Conseil de presse du Québec

  1. Le Conseil de presse est un organisme à but non lucratif qui a été créé en 1973 à l’initiative conjointe des entreprises de presse et des journalistes pour qu’il veille sur la qualité et la liberté des médias québécois. Cela fait maintenant 30 ans qu’il joue le rôle de « tribunal d’honneur » des médias d’information au Québec.
  2. Son mandat est de protéger et de renforcer le droit du public à une information complète, exacte et de qualité, que ce soit dans la presse écrite, à la radio, à la télévision ou sur Internet. Même s’il ne possède aucun pouvoir judiciaire, réglementaire ou coercitif, la rigueur de ses interventions ainsi que la confiance et l’appui que lui manifestent les médias et le public lui confèrent une autorité morale réelle.
  3. Le conseil d’administration est constitué de 22 membres dont sept sont délégués par les administrateurs de journaux et d’entreprises de radio et de télévision, sept autres choisis parmi les journalistes membres de la Fédération professionnelle des journalistes du Québec (FPJQ) et huit autres membres représentent le public. Son financement est apporté par les organismes ou entreprises membres.

Demandes étudiées

  1. Astral et Corus demandent au CRTC d’autoriser la vente de certaines de leurs entreprises radiophoniques du Québec. Au terme de cette transaction, qui s’effectue dans le cadre d’un échange d’actifs, Astral se porterait acquérante de plusieurs stations de radio FM de Corus, soit CFVM-FM (Amqui), CJDM-FM (Drummondville), CJOI-FM (Rimouski), CIKI-FM (Rimouski) et CFZZ-FM (Saint-Jean-Iberville, Saint-Jean-sur-Richelieu).
  2. En échange, Corus obtiendrait les six stations de radio AM du réseau Radiomédia soit, CKAC (Montréal), CHRC (Québec), CJRC (Gatineau), CKRS (Saguenay), CHLN (Trois-Rivières), CHLT (Sherbrooke) ainsi que la station AM de langue anglaise CKTS (Sherbrooke) et CFOM-FM à Québec.
  3. Les dernières années ont été mouvementées dans le domaine du transfert de propriété de stations de radio au Québec et la transaction qui est présentement étudiée doit être située dans son contexte.
  4. En 1995, Télémédia Communications inc. et Radiomutuel inc., dans une période économique difficile pour la radio AM, ont décidé de mettre en commun certaines de leurs radios et n’ont conservé dans chaque région du Québec qu’une seule station AM. Cela a entraîné la fermeture de six stations de radio AM, soit à Montréal, Québec, Trois-Rivières, Sherbrooke, Chicoutimi et Gatineau.

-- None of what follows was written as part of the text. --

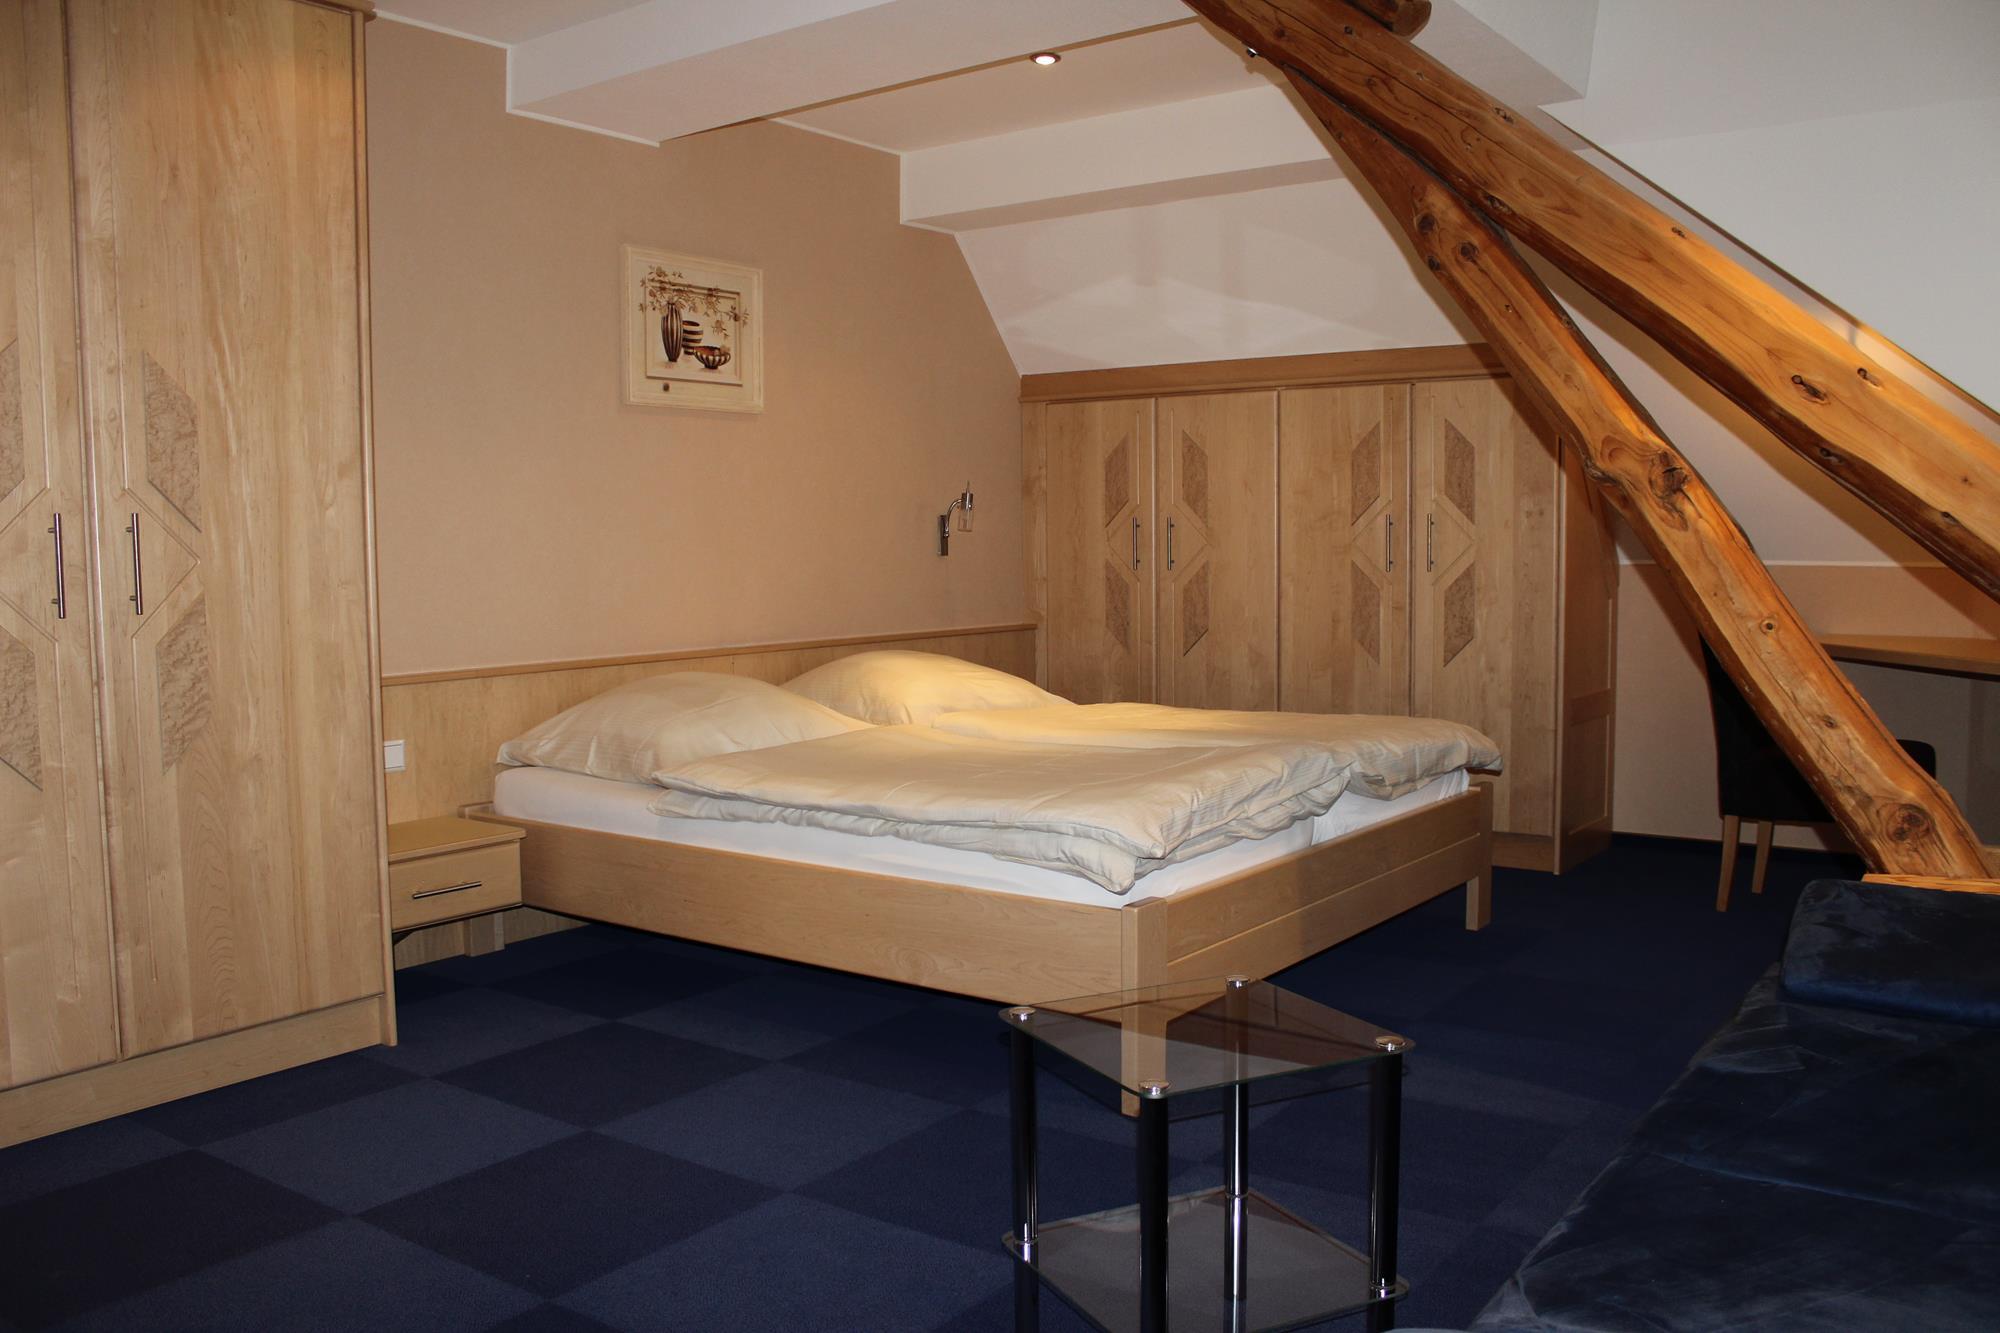 Chambre double - Chambres - Hôtel-Restaurant Reiff - Fischbach ...

Suite à cette fusion, le réseau AM Radiomédia a été créé à partir des deux stations dont les entreprises étaient copropriétaires, soit CKAC à Montréal et CHRC à Québec, afin d’offrir un service d’information à l’échelle de la province.
  5. En 2000, Astral s’est porté acquéreur des entreprises de radiodiffusion de Radiomutuel et en 2001, la même entreprise a acquis certains actifs de radiodiffusion de Télémédia au Québec, dont plusieurs stations sur bande FM en plus de CHLN-AM (Trois-Rivières), CHLT-AM (Sherbrooke), CKAC-AM (Montréal), CHRC-AM (Québec) et le réseau radiophonique de langue française Radiomédia. Bien que cette transaction ait reçu l’aval du CRTC, sous réserve de l’obligation de revendre la station CFOM-FM de Québec, le Commissaire de la concurrence s’est opposé à la transaction qui aurait eu pour effet d’empêcher ou de diminuer la concurrence dans la vente de temps publicitaire à la radio de langue française dans plusieurs marchés.
  6. Pour répondre aux préoccupations du Commissaire de la concurrence, Astral a convenu de vendre le réseau Radiomédia. Ainsi, une première transaction a été conclue avec le Groupe TVA inc. et Radio Nord Communications pour la vente de ces stations. Cependant, le CRTC a refusé de donner son aval à la transaction en raison de préoccupations liées à la trop grande concentration de la propriété et à la propriété croisée des médias. Une seconde transaction a failli se concrétiser entre Astral et le Groupe Morin, mais ce dernier a retiré son offre avant qu’elle ne soit examinée par le CRTC.
  7. Enfin, une nouvelle transaction est intervenue entre Astral et Corus et c’est cette transaction qui doit présentement être étudiée. Si la demande est approuvée, Astral entend affilier les différentes stations de radio qu’elle acquiert à ses réseaux radiophoniques existants soit Boom FM (nostalgie), Énergie (grands succès contemporains) et Rock Détente (adulte contemporain).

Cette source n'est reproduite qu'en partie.